§ **DATASET CONTENT**:
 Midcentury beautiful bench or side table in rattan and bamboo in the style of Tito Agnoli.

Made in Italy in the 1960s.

--

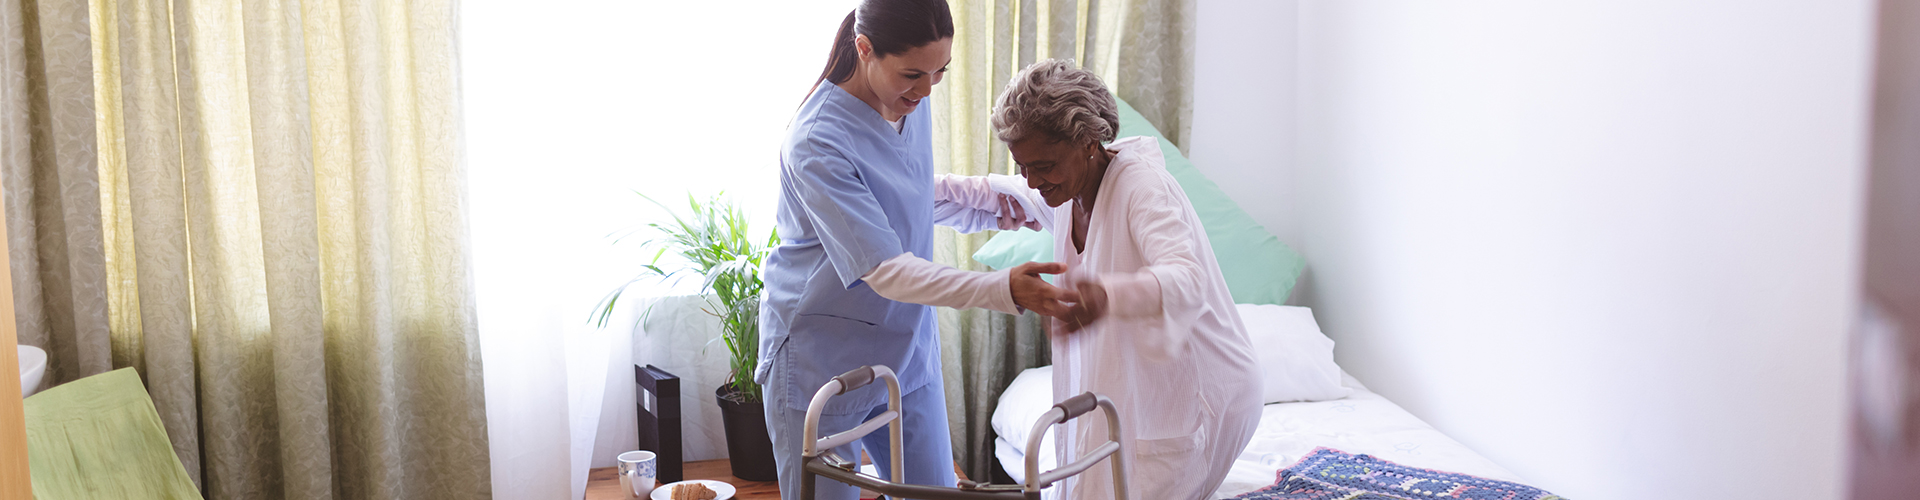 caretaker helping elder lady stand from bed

§ **WHAT YOU SHOULD DO**:
From the records above, give again exactly the lines running from the line with "Midcentury beautiful bench" to the line with "Made in Italy in the 1960s.", inclusive.

§ **EXERCISE SOLUTION**:
 Midcentury beautiful bench or side table in rattan and bamboo in the style of Tito Agnoli.

Made in Italy in the 1960s.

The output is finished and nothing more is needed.